Page 1 of 2

Number of Nagios workers causing interruptions

Posted: Sun Jun 04, 2017 3:54 am
by reincarne
Hi,
I noticed that at least once in a week my Nagios XI stops functioning and the only way to resolve it is to kill the Nagios workers.

In a normal day work, there are 12 workers. However, during the week they are growing, everytime there are 12 new workers created with a new ID.
what is the reason and how can I solve it?

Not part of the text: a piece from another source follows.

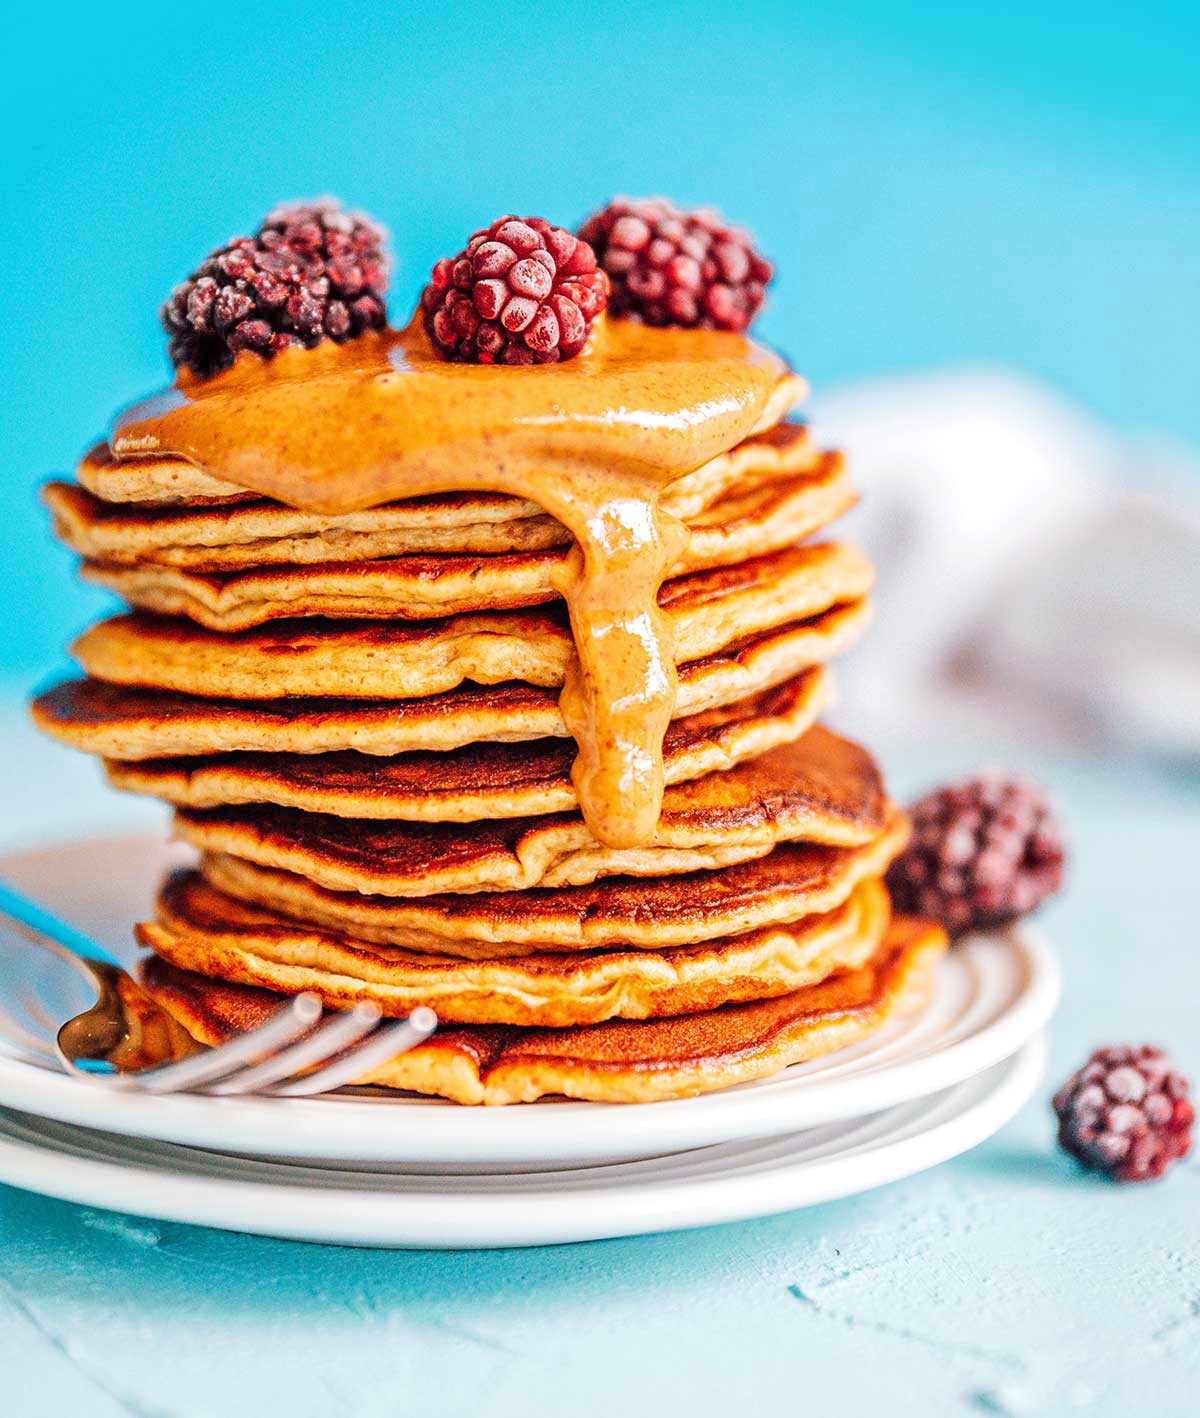 Paleo pancakes with almond butter and berries on a blue background

nagios 5787 5785 0 08:46 ? 00:00:02 /usr/local/nagios/bin/nagios --worker /usr/local/nagios/var/rw/nagios.qh
nagios 5788 5785 0 08:46 ? 00:00:02 /usr/local/nagios/bin/nagios --worker /usr/local/nagios/var/rw/nagios.qh
nagios 5789 5785 0 08:46 ? 00:00:02 /usr/local/nagios/bin/nagios --worker /usr/local/nagios/var/rw/nagios.qh
nagios 5791 5785 0 08:46 ? 00:00:02 /usr/local/nagios/bin/nagios --worker /usr/local/nagios/var/rw/nagios.qh
nagios 5792 5785 0 08:46 ? 00:00:02 /usr/local/nagios/bin/nagios --worker /usr/local/nagios/var/rw/nagios.qh
nagios 5793 5785 0 08:46 ? 00:00:02 /usr/local/nagios/bin/nagios --worker /usr/local/nagios/var/rw/nagios.qh
nagios 5794 5785 0 08:46 ? 00:00:02 /usr/local/nagios/bin/nagios --worker /usr/local/nagios/var/rw/nagios.qh
nagios 5795 5785 0 08:46 ? 00:00:02 /usr/local/nagios/bin/nagios --worker /usr/local/nagios/var/rw/nagios.qh
nagios 5796 5785 0 08:46 ? 00:00:02 /usr/local/nagios/bin/nagios --worker /usr/local/nagios/var/rw/nagios.qh
nagios 5797 5785 0 08:46 ? 00:00:02 /usr/local/nagios/bin/nagios --worker /usr/local/nagios/var/rw/nagios.qh
nagios 5798 5785 0 08:46 ? 00:00:02 /usr/local/nagios/bin/nagios --worker /usr/local/nagios/var/rw/nagios.qh
nagios 5799 5785 0 08:46 ? 00:00:02 /usr/local/nagios/bin/nagios --worker /usr/local/nagios/var/rw/nagios.qh
alexle 20679 3054 0 08:52 pts/2 00:00:00 grep worker

Re: Number of Nagios workers causing interruptions

Posted: Mon Jun 05, 2017 9:53 am
by avandemore
Killing the workers isn't the right way, they are likely needed.

Can you describe in more detail by this: my Nagios XI stops functioning?

A profile generated in one of this suboptimal states may be useful as well if it is possible.

XI > Admin > System Profile > Download Profile

Please include the zip file in your response. You can PM myself or other support personnel it as well.

Re: Number of Nagios workers causing interruptions

Posted: Wed Jun 21, 2017 1:27 pm
by tmcdonald
Just checking in since we have not heard from you in a while. Did @avandemore's post clear things up or has the issue otherwise been resolved?

Re: Number of Nagios workers causing interruptions

Posted: Sun Nov 26, 2017 7:57 am
by reincarne
Hi,
We are still experiencing this issue. To whom should I send the profile?

Re: Number of Nagios workers causing interruptions

Posted: Mon Nov 27, 2017 10:55 am
by tmcdonald
Please send it to me and make sure to reply back to this thread once you have done so.

Update: Profile received and shared with team.

Re: Number of Nagios workers causing interruptions

Posted: Tue Nov 28, 2017 2:04 am
by reincarne
tmcdonald wrote:Please send it to me and make sure to reply back to this thread once you have done so.
Hi,
Send you a PM.

Re: Number of Nagios workers causing interruptions

Posted: Tue Nov 28, 2017 11:47 am
by kyang
Looking into your profile, the logs date back to June 20th? Could you send us an updated profile?

From your top command, you are experiencing 100% CPU usage from mysqld.

How many hosts/services do you have?

Did you offload your database?

The best thing would be to send us an updated profile, so we can see how things are looking now.

Re: Number of Nagios workers causing interruptions

Posted: Sun Dec 10, 2017 7:27 am
by reincarne
sent you the profile file

Re: Number of Nagios workers causing interruptions

Posted: Mon Dec 11, 2017 10:12 am
by kyang
How many hosts/services do you have?

Is this an offloaded DB?

UPDATE: Profile received!

Put in teamshare.

Re: Number of Nagios workers causing interruptions

Posted: Sun Dec 17, 2017 4:37 am
by reincarne
We have about 1700 hosts and 31k service checks.
Offloading the DB caused more issues.